Nature's Journal Club

Michelle Peckham

University of Leeds, UK

A cell biologist ponders an outstanding mystery in muscle formation.

Heart and skeletal muscles have a beautiful, almost crystalline structure of repeating contractile units called sarcomeres. The length of these units is precisely regulated along with the lengths of two types of overlapping filament (thick and thin) that they contain. Muscles contract when crossbridges from thick filaments interact with actin in thin filaments. The amount of contraction depends on the length of each filament and how much they overlap.

A thick filament contains exactly 294 myosin molecules — a limit imposed by the giant ‘ruler’ protein titin. Yet it is not clear what regulates the length of thin filaments. The protein nebulin has been a key candidate: its size corresponds to thin filament length in several species. Puzzlingly, however, in mice with a targeted deletion of nebulin, skeletal muscle thin filaments are the right length, at least at birth. And Ryan Littlefield at the University of Washington in Friday Harbor and his colleagues have now shown that nebulin is too short to be the ruler — its end is located just short of the tips of the thin filaments (A. Castillo et al. Biophys. J. 96, 1856–1865; 2009).

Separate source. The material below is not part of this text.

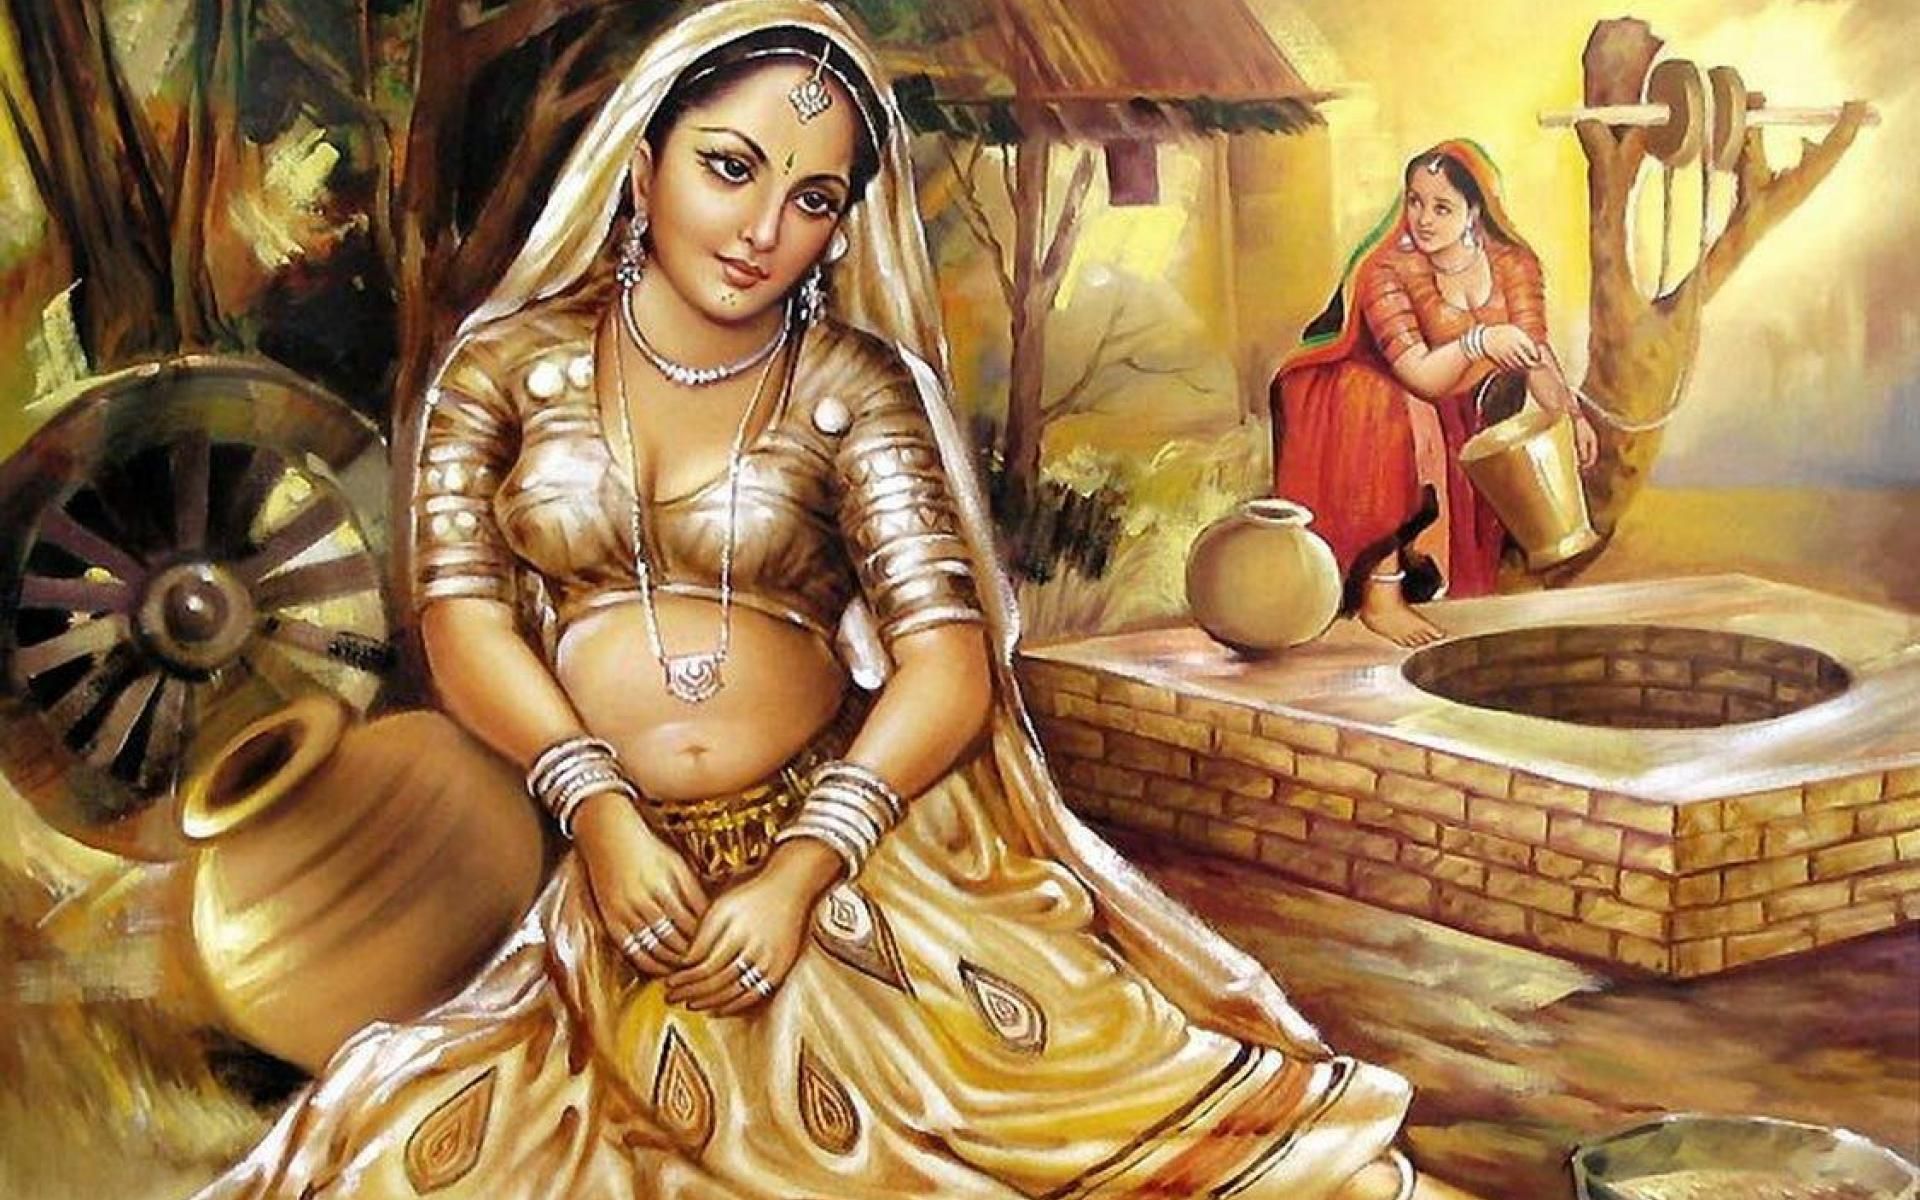 Woman Painting Of Indian Culture HD Wallpaper For Desktop. Painting of girl, Indian artist, Rajasthani painting

Because of the way in which thick filaments are built, their middles — at the centre of the sarcomere — have no crossbridges. Littlefield and his colleagues suggest that thin filaments, which grow towards the middle of sarcomeres from their edges, stop growing when they reach this ‘bare’ zone. Intriguingly, this paper also shows that thin filament lengths in different muscles correspond to the length of titin in those muscles. A single titin molecule stretches from the edge to the middle of the sarcomere. If titin modulates overall sarcomere length, and thus the distance to the bare zone in the centre of the sarcomere, this could indirectly regulate thin filament lengths. Maybe the biggest protein known has yet another job.